Friday, May 25, 2007
The Marriage Industrial Complex
The Marriage Industrial Complex
If you've been to a wedding in the past few years (or have staged one yourself), you won't be surprised to learn that weddings are a booming business. Last year, the average American ceremony cost $27,852; the average dress, $1,025. If such figures don't shock you (and keep in mind, the numbers are far higher in pricey cities such as New York and San Francisco), maybe a few comparisons will: The median household income in the United States is $46,326 and a 5 percent down payment on a $500,000 condominium is $25,000.
Even more disturbing, perhaps, is how quickly and effortlessly the $161 billion wedding industry seems to have insinuated itself into every corner of the culture -- and how impossible it has become to escape its trappings, from diamond rings (which, before the 1930s, were not a de facto wedding accouterment) to wedding planners, bridal registries and glossy magazines that perpetuate weddings as fairy-tale fantasies. In fact, the extravagant, over-the-top gala has become such a fixture of American life that most people don't question it anymore. And why should they? If marriage is supposed to be a sacred undertaking that happens once in a lifetime, why shouldn't you do it wearing Vera Wang?
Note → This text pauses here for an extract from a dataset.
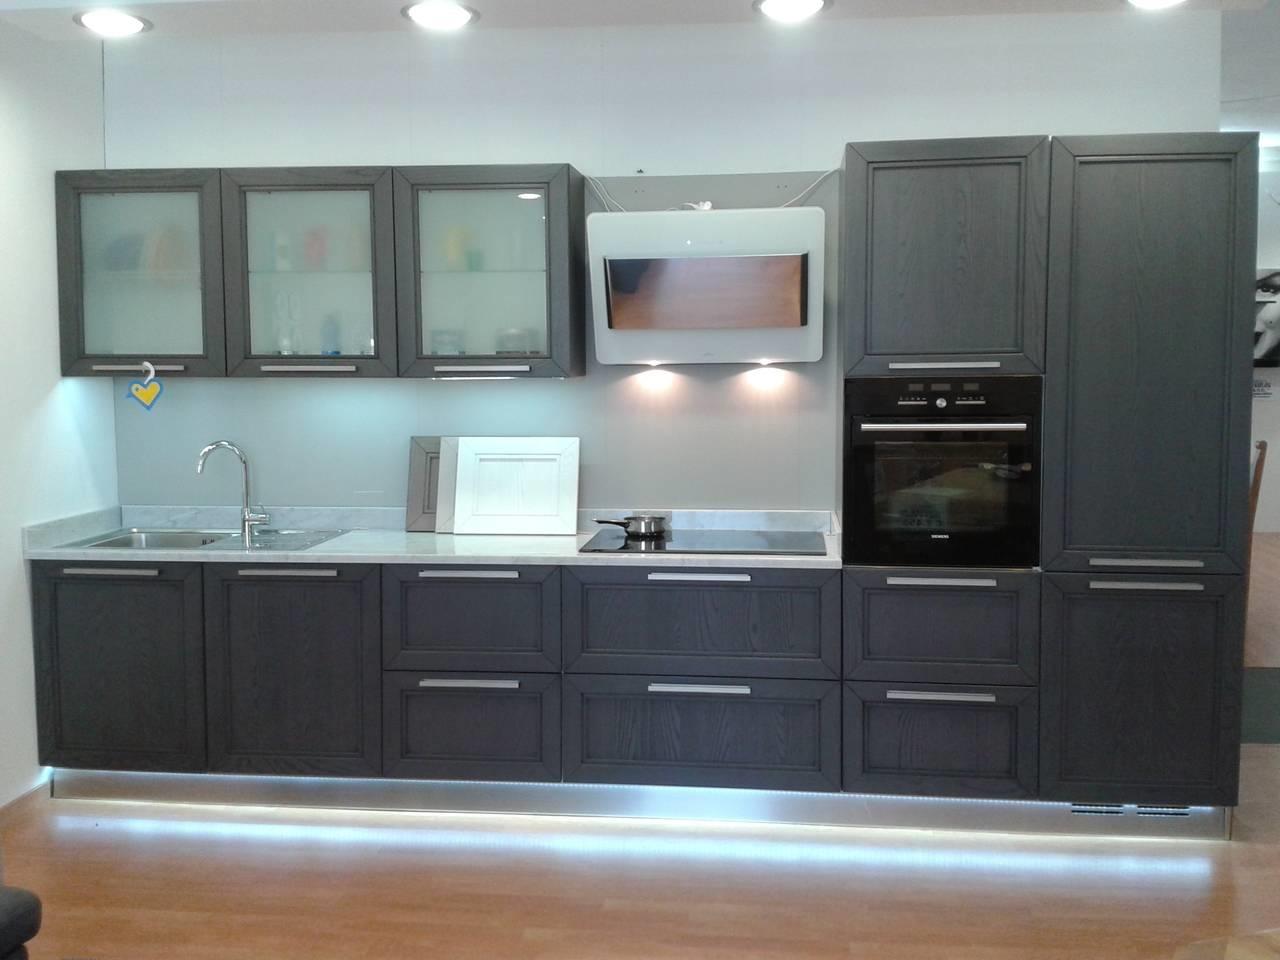 Cucina arredo3 itaca scontato del 60 cucine a prezzi - Cucina lineare 3 metri senza frigo ...

At the beginning of "One Perfect Day" you point out that marriage used to signal that you were becoming an adult or herald the start of your sex life as well as your departure from the family home. Now that we do all of these things before marriage, do you think it's the extravagant ceremony itself that has become the rite of passage?
Precisely. It's amazing the number of people who say, "If we can get through this, we can get through anything," or "This is the first challenge of our married life together." And you think, "Jeez, you have no idea what you've got coming!" It's not like it's a death in the family or anything like that.
This is sort of a psychoanalytic argument, but I think that people need for a wedding to feel traumatic. Because it used to be a traumatic transition. You left your parental home. If you look at documents -- diaries or letters from women in 19th century rural America getting married -- leaving their mother was a very, very big deal. Wrenching away from your birth family was a very big deal. Now, most of us have done that years earlier. And to some degree, even those people who are living at home are still leading more independent lives.
But I think that people still need to feel that this transition is a viscerally affecting experience. Because being married is very different from not being married. I don't mean that if you get married tomorrow, suddenly your life is going to be different the next day. But it is a different commitment, as anybody who is going through a divorce will tell you. It's much harder to break up a marriage than it is to break up a nonmarital partnership. So I think people need the sense of "Wow! Something really big has just happened."
The purpose of honeymoons has evolved in a similar way, hasn't it? You point out that they used to be a chance to visit the bride's relatives and friends, and then they were all about sexual intimacy ...
Yeah, and now, if you talk to any couples or look on the Knot.com, you see that people perceive the honeymoon as a time when they can recover from the stress of planning the wedding!